The Cathedral of Praise (COP) is a Full Gospel, Christ-centered megachurch based in Manila, Philippines. COP is headed by Pastors David and Beverley Sumrall.

Founded in 1954, formerly Manila Bethel Temple, The Cathedral of Praise is a Christian church founded in 1954 by Ptr. Lester Sumrall. COP operates a Main Campus along Taft Avenue, Manila, an East Campus in Pioneer Centre, Pasig, a South Campus at Versailles, Las Piñas and a North Campus along Commonwealth Ave., Quezon City.

== History ==
The Cathedral of Praise, formerly Manila Bethel Temple, was founded in 1954 by Dr. Lester Sumrall. Under the leadership of Dr. David Sumrall and his wife Bev, who moved to Manila in 1989, the Church had grown to a membership of 15,000, with a large staff including 90 full-time, paid, evangelists engaged in attracting others in the predominantly Roman Catholic Philippines to evangelical Christianity.
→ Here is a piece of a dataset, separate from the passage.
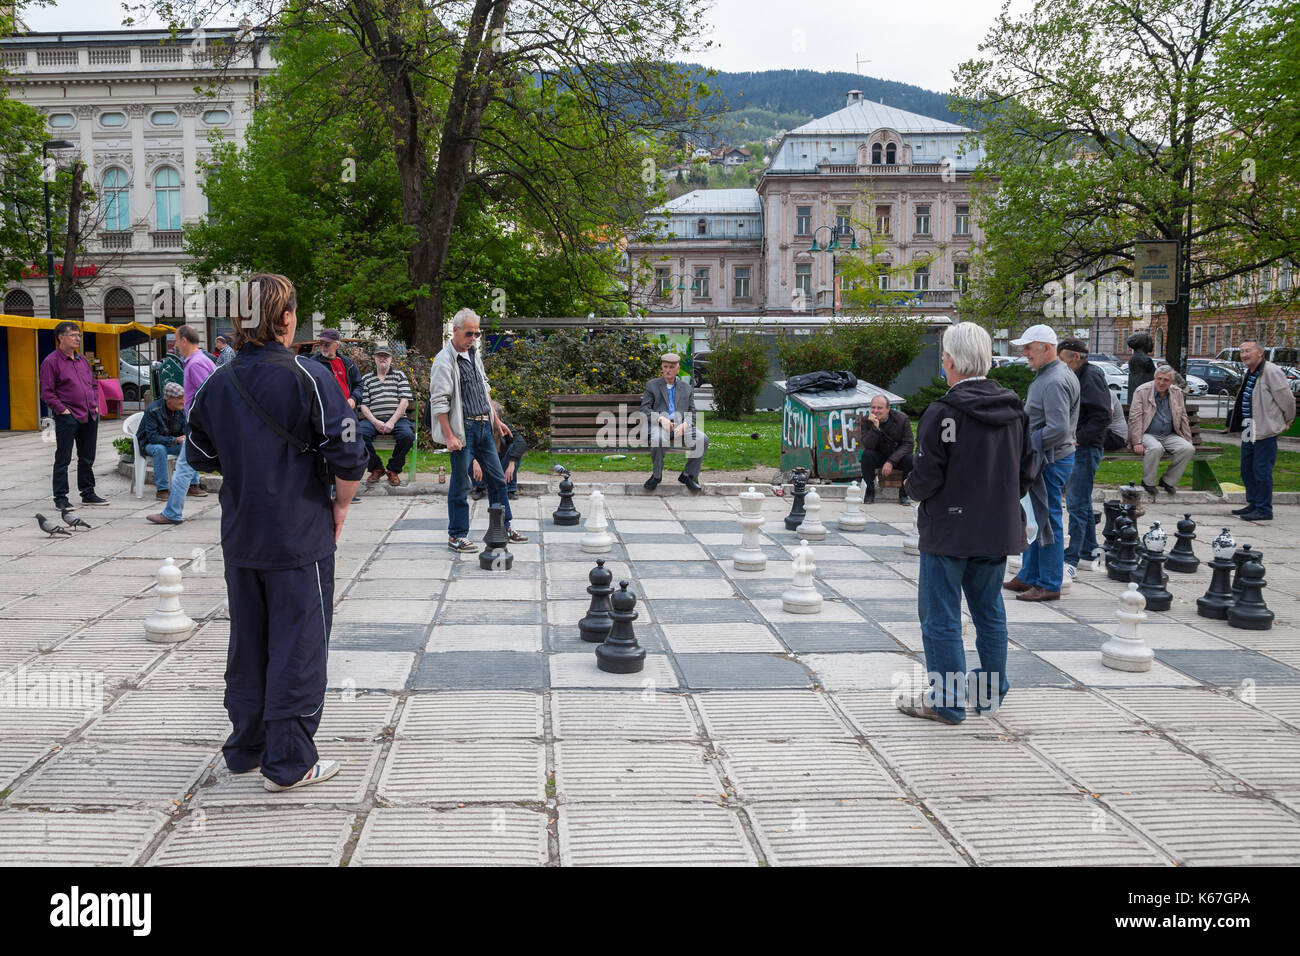 Sarajevo, Bosnie-Herzégovine - 15 avril 2017 : de vieux hommes jouant un jeu d'échecs géant dans le centre-ville de Sarajevo, capitale de la Bosnie. ce che Banque D'Images

Cathedral of Praise is currently expanding. In their website, they mentioned their plan to plant 200 churches in 20 years.

 After nearly three decades of building and finishing the construction costs of the 8,000-seat auditorium, the COP complex and congregational facilities continue to expand not only in the main campus but also in key areas of the metro. Aside from the Manila Campus, the COP East Campus over at the Pioneer Centre in Mandaluyong, South Campus located at the Versailles Place in Las Piñas, and the newly built North Campus in Commonwealth, Quezon City, serve members residing in those areas. In the works are the plans to build for the South Campus its own facilities and over-all maintenance and specific upgrades of portions of the Main Campus are also underway.
Cathedral of Praise have aired in different TV Networks. Cathedral of Praise with David Sumrall started its airing at ABS-CBN Channel 2 from the year 1986 to 1992. Then it was later moved to the reopened ABC Channel 5 from 1992 to 1995 GMA Channel 7 year 1995 and ended its airing in the year 2002. Followed by its airing at RPN Channel 9 from the same year until 2005 and on DZRH TV from 2022 to present.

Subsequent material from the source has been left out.